1963 novel by Christa Wolf

Der geteilte Himmel, known in English as either Divided Heaven or They Divided the Sky, is a 1963 novel by the East German writer Christa Wolf. The author describes society and problems in the German Democratic Republic (GDR) in the early 1960s, in a "quest for personal integrity within a flawed system". The book won the Heinrich Mann Prize, and has been translated into many languages.

== History ==
Wolf wrote the work in the early 1960s, with the novel beginning as a story about romance and the characters' experiences in a socialist work "brigade". From there it develops into a more complex plot prompted by political events. It was published in 1963 by Mitteldeutscher Verlag in Halle, became a bestseller in the GDR and was also widely distributed and discussed in the West. The title became a metaphor for the divided Germany. The novel was awarded the Heinrich Mann Prize. In 1987, Suhrkamp Verlag published it in its BasisBibliothek (Basic Library), with historic background and commentary.

The book's title was first translated into English as Divided Heaven, and in 2013 (50 years after the first publication) interpreted by Luise von Flotow as They Divided the Sky.

== Plot ==
The main characters are Rita Seidel, age 19, and Manfred Herrfurth, a chemist ten years older, who meet at a dance event in a village and become a couple, although they are different.
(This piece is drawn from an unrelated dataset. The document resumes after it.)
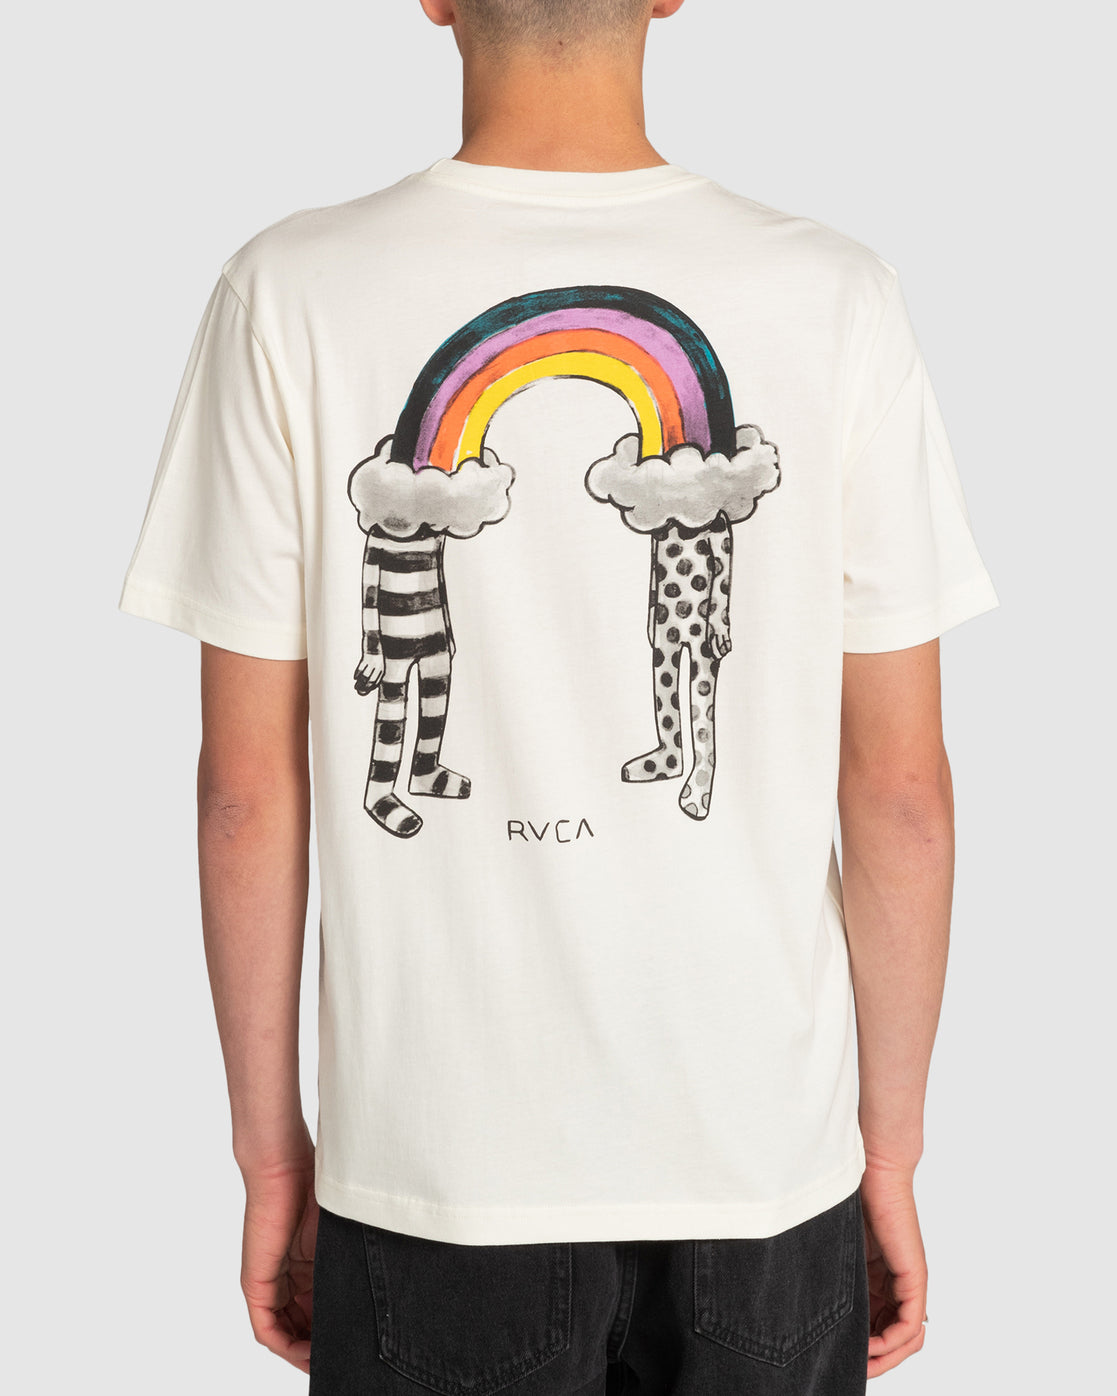 RVCA RAINBOW CONNECTION SS TEE - Antique White
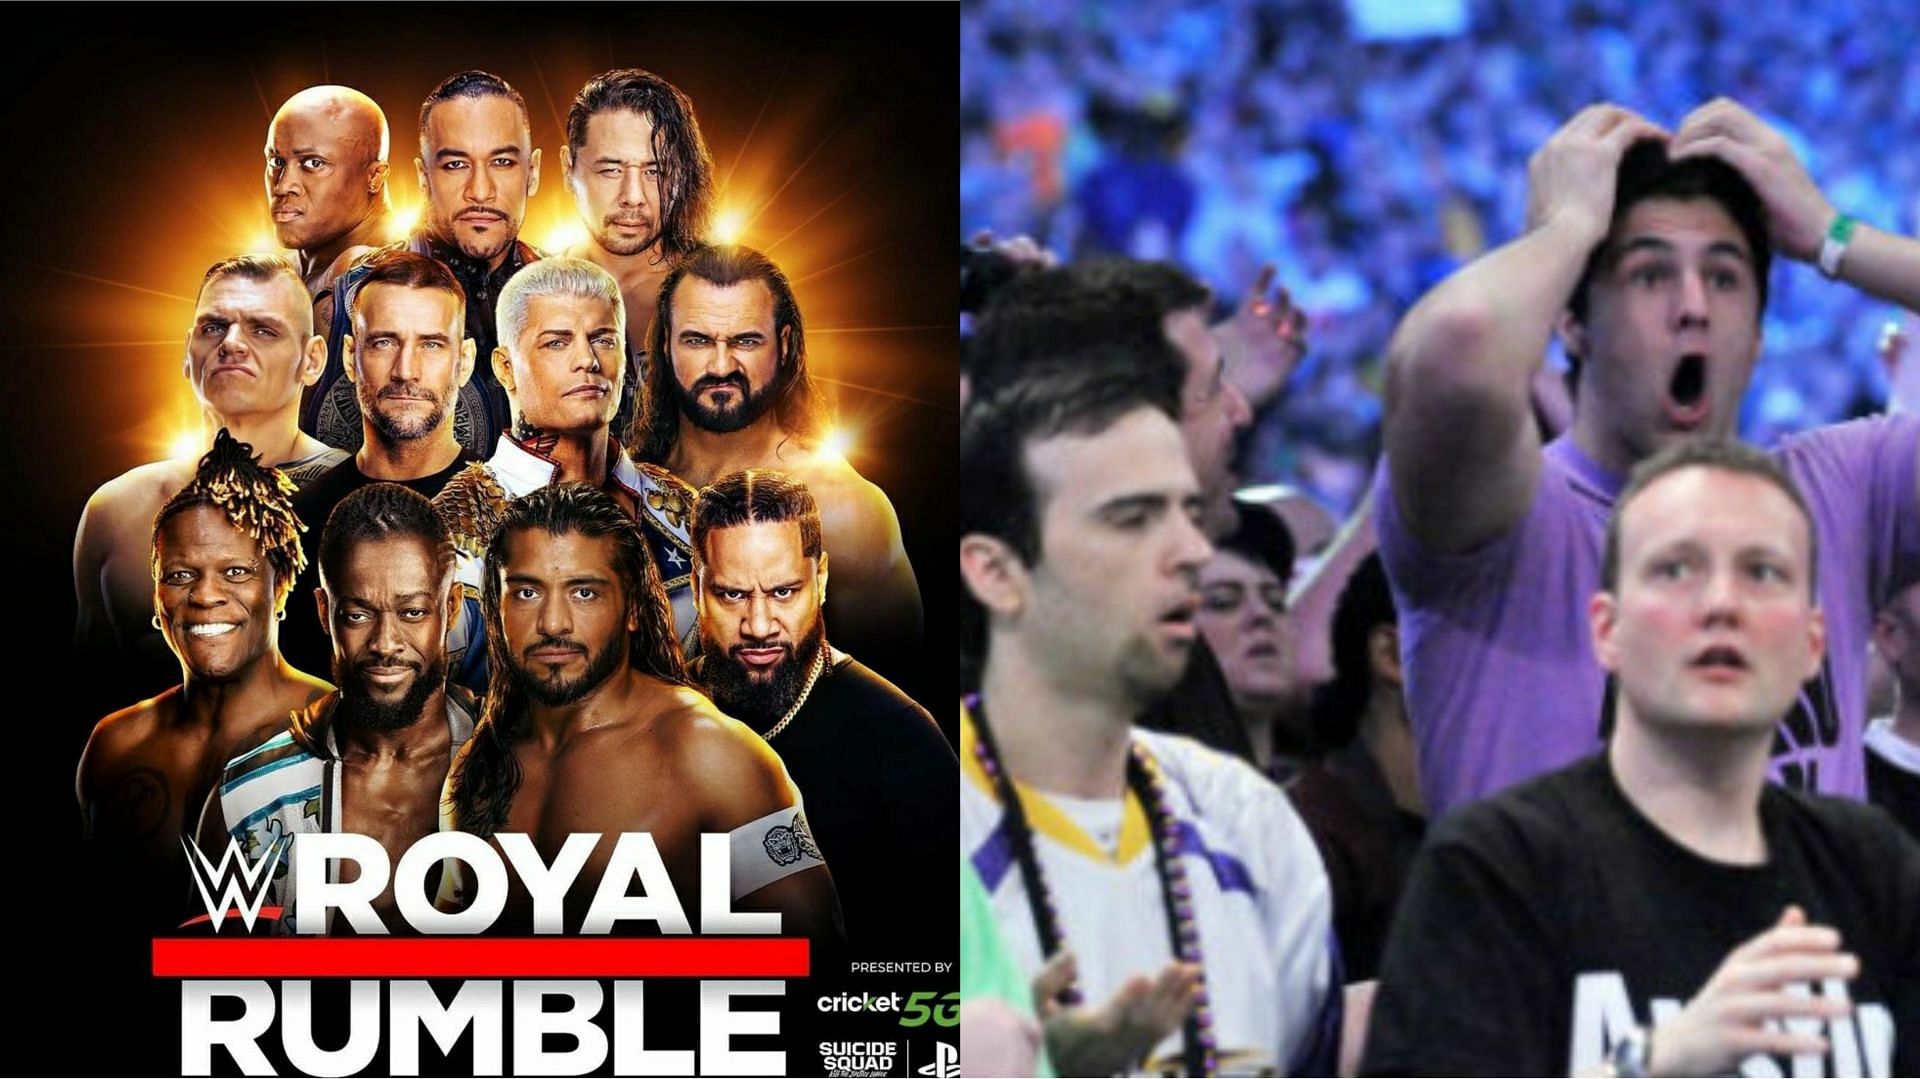 WWE Royal Rumble took place in Florida on Saturday!

Rita comes from a rural background and is emotional, while Manfred is a rational city-dweller. The action begins in East Germany in June 1961, shortly before the Berlin Wall is built.

They live together with Manfred's parents in Halle, where he works and she studies to be a teacher, which includes training in a socialist work "brigade" at the company Waggonbau Amendorf, building rail wagons.

Manfred, who grew up in a difficult family, becomes disillusioned about the future in the GDR, after one of his engineering designs is refused by economics officials. He moves to West Germany via East Berlin. Rita visits him there and tries to persuade him to return, but without success. Shortly after her return, the Wall is built. Rita tries to take her life. She wakes up from unconsciousness in hospital and tells the story from that perspective.

== Style ==
Wolf begins the novel like a love story, but soon introduces the divided Germany as a reason for tension. She describes the western lifestyle as commercial and materialistic, while she idealises the eastern society as harder, rigid, moral-oriented and demanding faith. Some elements of Rita's biography are similar to the author's, such as growing up without a father and work in the specific brigade. She describes negative aspects of life in the east with factual precision and was criticised for it. Her tenor was described as an "introspective, autobiographical voice", her trademark in a "quest for personal integrity within a flawed system".

== Legacy ==
The novel was filmed as Der geteilte Himmel in 1964. A stage version premiered in Dresden in 2013.